KD Kieran Duff ← All letters
Frameworks · Letter 002 · 22 May 2026

Don't trust your backtest: the stress test most traders skip.

Walk-forward, Monte Carlo and parameter sensitivity are necessary. None of them test what your strategy actually does when the market breaks. Historical-break testing is the layer most managers skip.

The short version
Don't trust your backtest

A lot of systematic books are tested against walk-forward, Monte Carlo bootstrap and parameter sensitivity. All three are necessary. None of them test what your strategy actually does when the market breaks.

Historical-break testing is the layer most retail systematic managers skip, and it's the layer that decides whether your live book survives the next regime crack.

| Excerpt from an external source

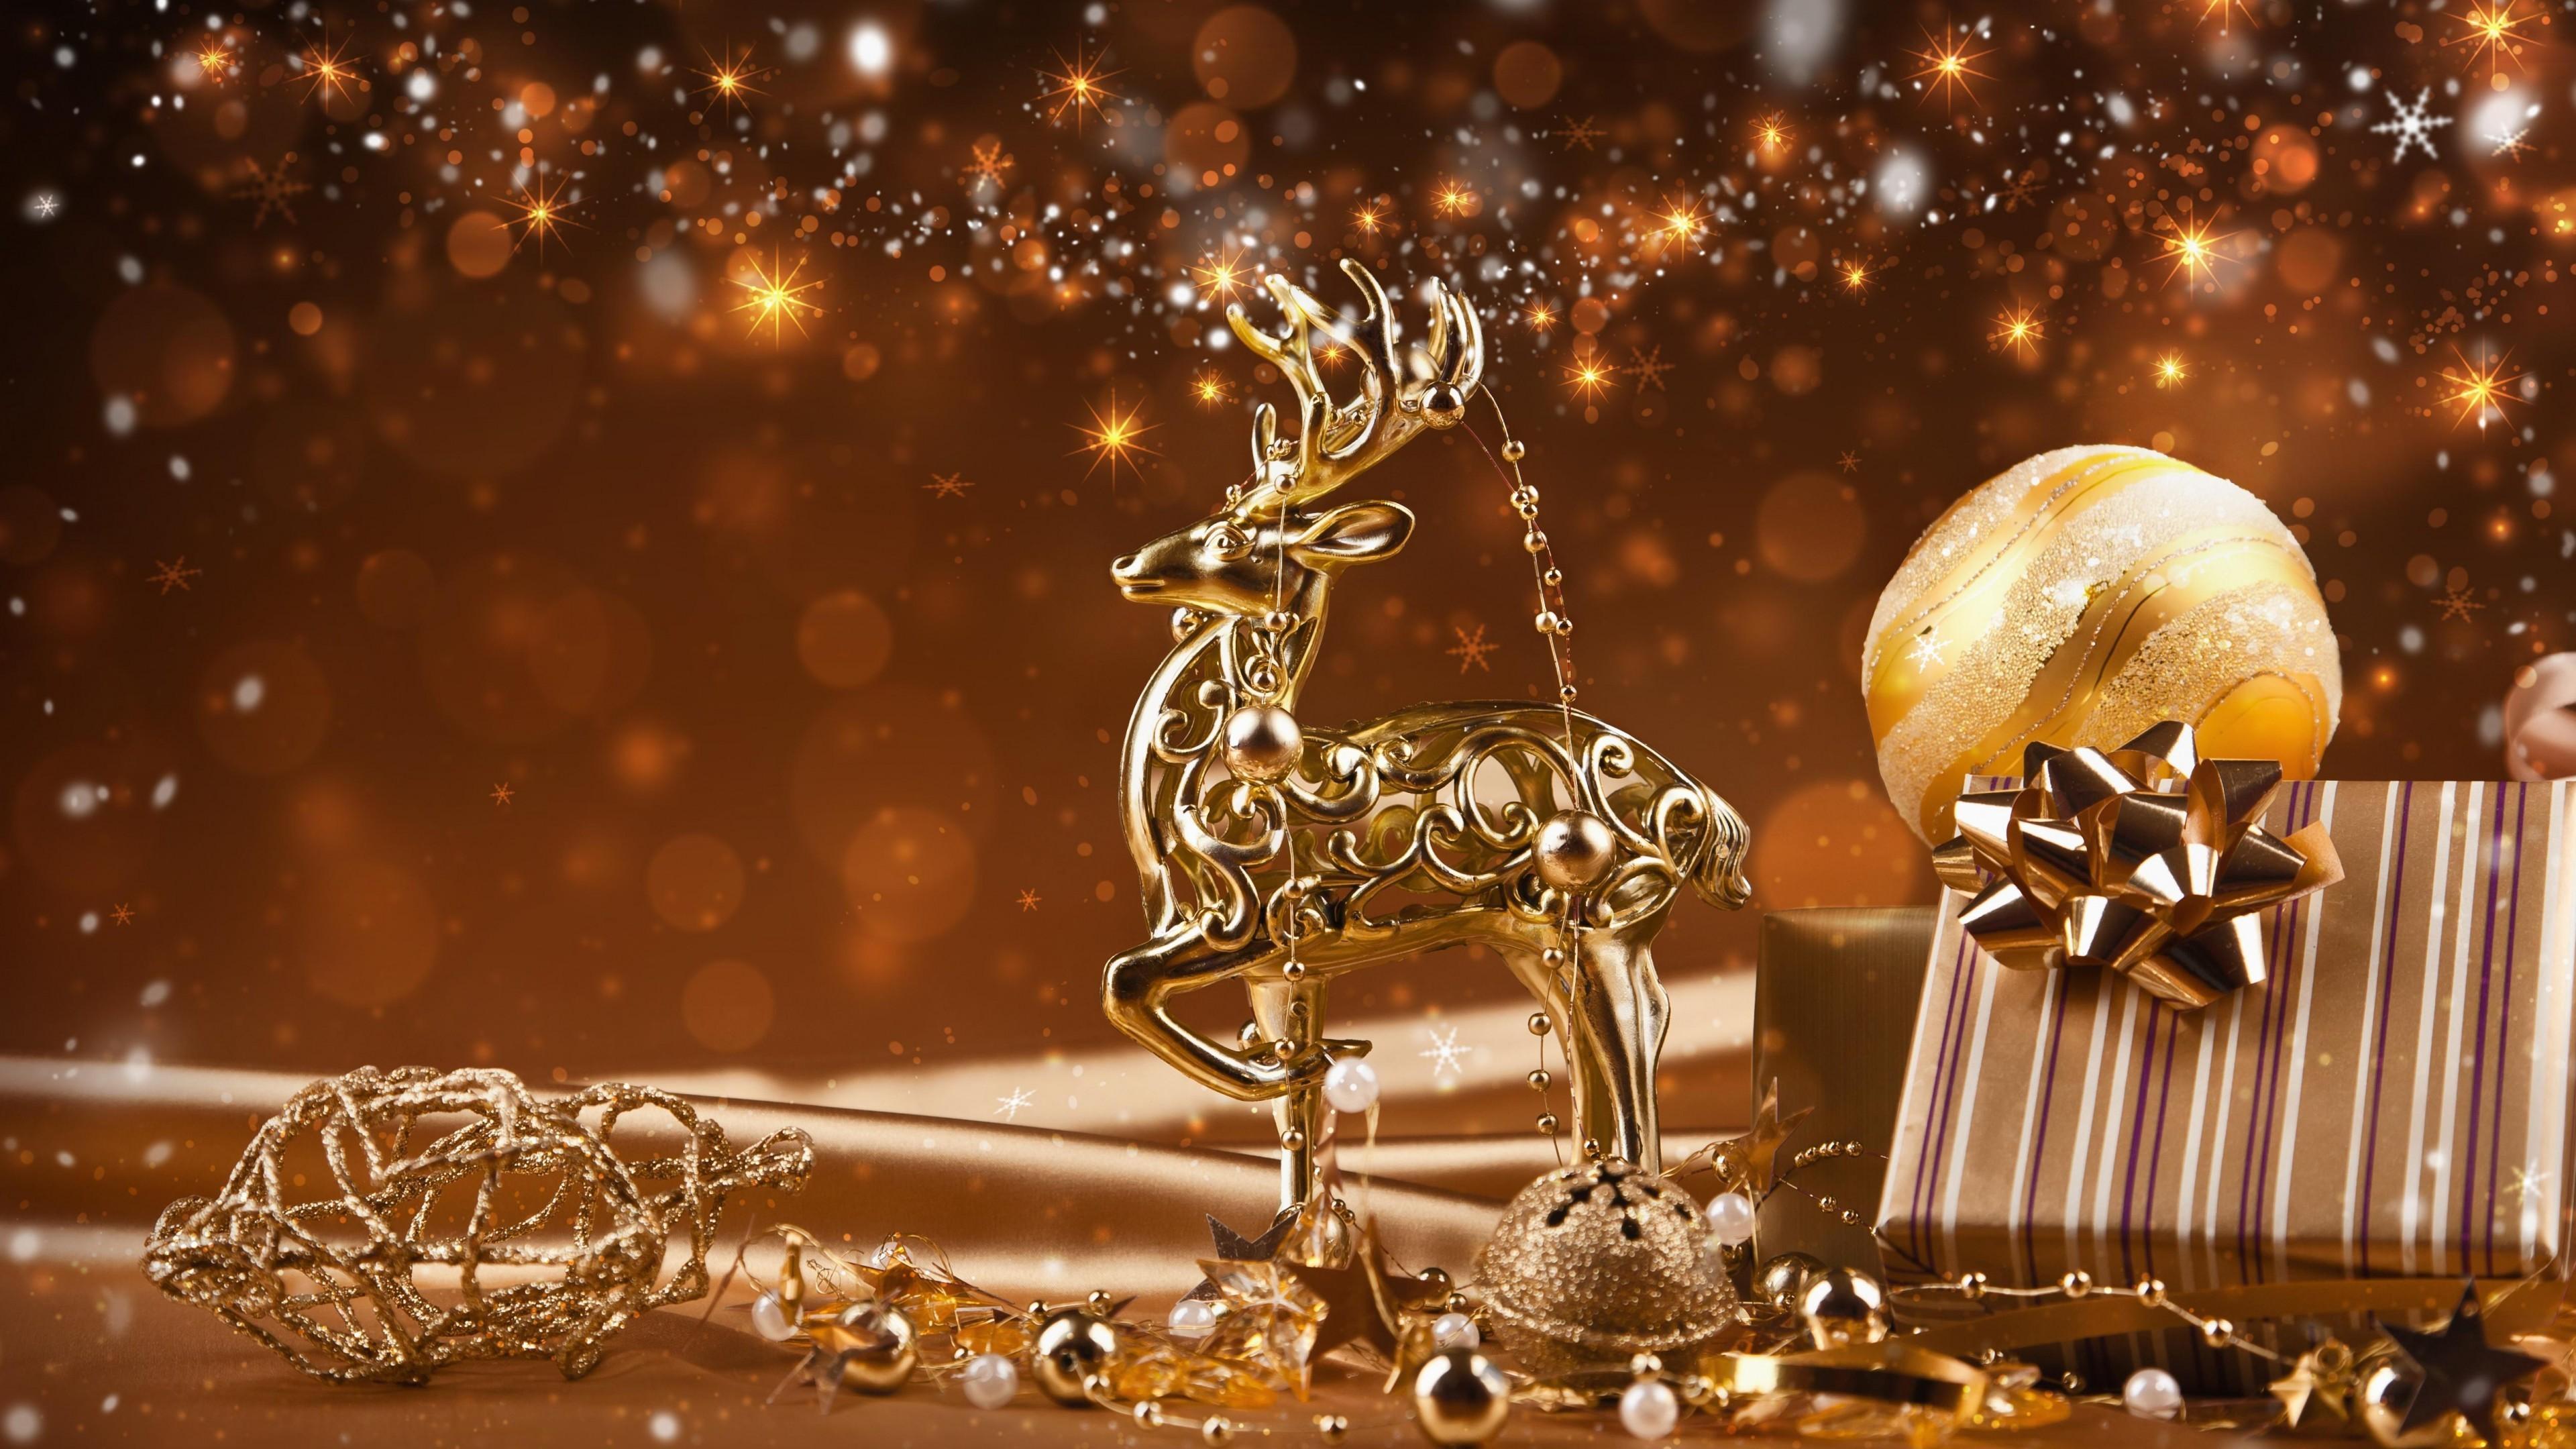 Holiday – Christmas Holiday Reindeer Gold Brown Christmas Ornaments Gift  Bokeh Ball Wallpaper

Walk-forward tests robustness across different time windows. Monte Carlo tests robustness across alternative trade orderings. Parameter sensitivity tests robustness across the knobs you tuned. None of those three asks the question that matters most: when the market does the thing it has done before and will do again, where does the strategy sit?

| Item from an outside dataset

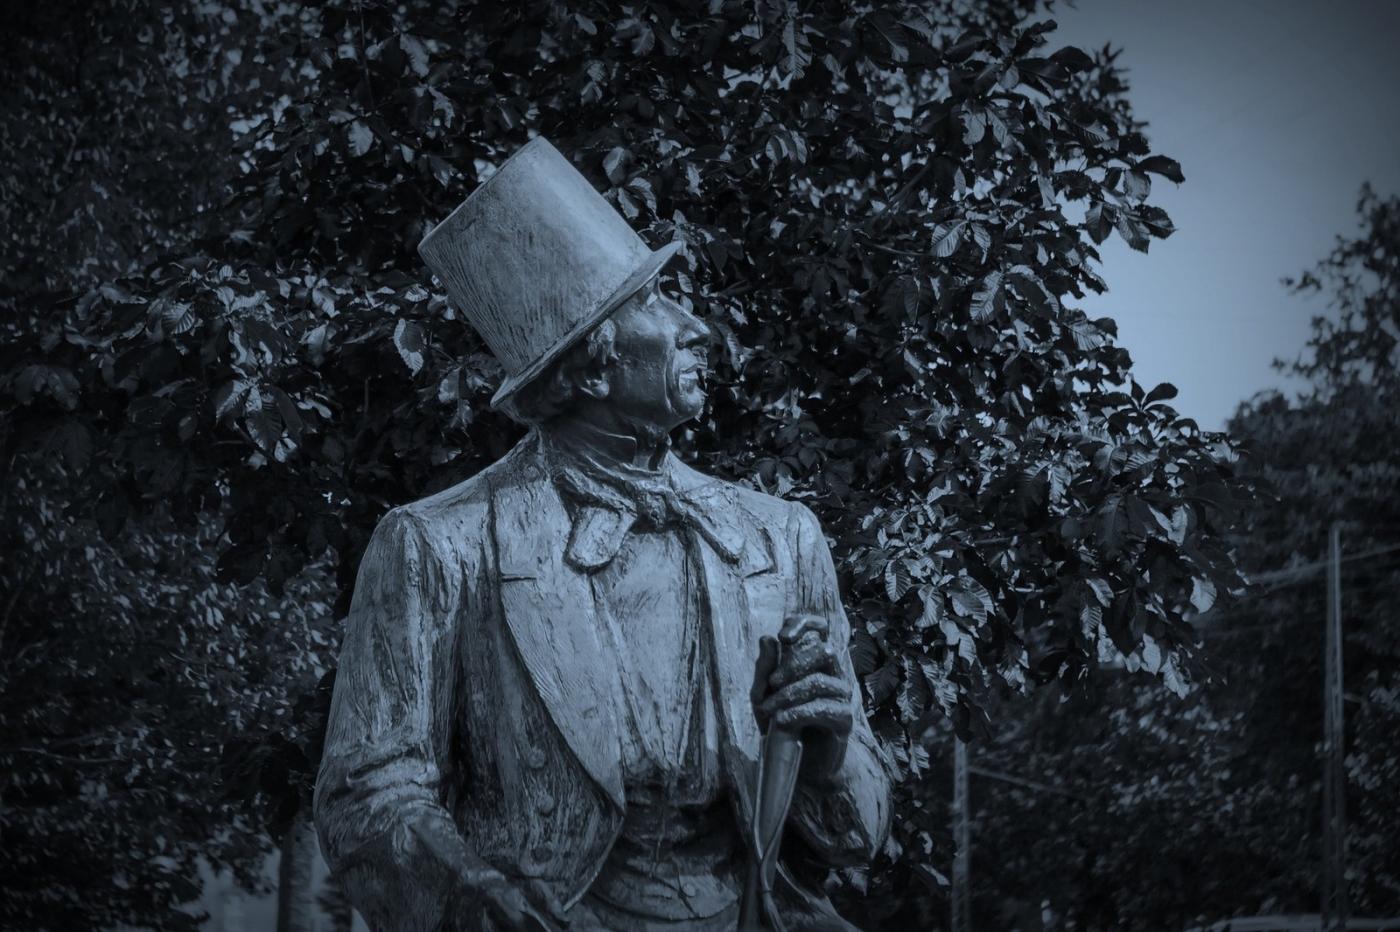 丹麦美人鱼雕像,雕塑家妻子为蓝本_图1-12

The four breaks every FX, indices and metals book should be replayed against

Swiss franc unpeg, 15 January 2015. The SNB removed the EURCHF floor and EURCHF moved roughly 30% in minutes. This is the canonical test for FX strategies that hold positions through low-vol regimes. What position was the strategy holding into the event. What was the realised slippage at execution. Did the stop trigger and fill, or did it gap through and fill 200 pips deeper. Did portfolio risk-engine cut size on adjacent CHF crosses fast enough to contain the cascade. If your strategy has no answer to any of those four, it hasn't been stress-tested. It's been backtested.

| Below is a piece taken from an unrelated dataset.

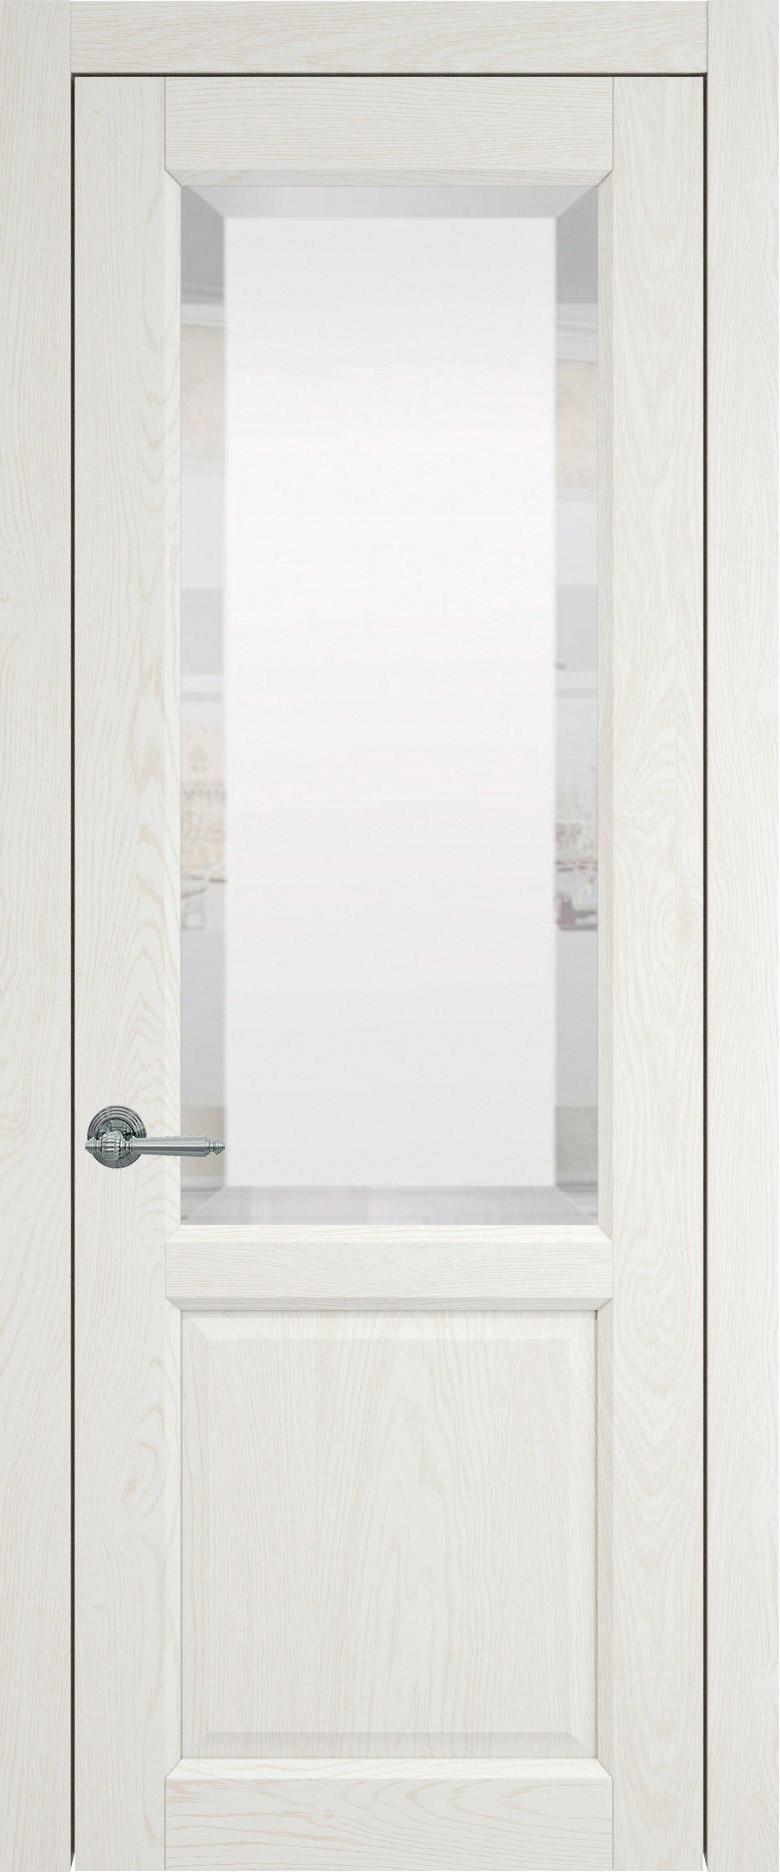 Dinastia цвет - Белый ясень (шпон) Со стеклом (ДО)

If your strategy has no answer to any of those four, it hasn't been stress-tested. It's been backtested.

PBOC CNY devaluation, 11 August 2015. The PBOC changed the daily fix and the yuan moved roughly 2% over two days, dragging AUD, NZD, copper, and risk indices with it. Even if you don't trade CNY, what did your AUD/JPY, copper, or DAX position do during the move. Strategies that look uncorrelated in calm regimes will reveal a USD-bloc or risk-on shared factor exposure under contagion. If you don't have a replay against this period, you don't know your cross-asset behaviour.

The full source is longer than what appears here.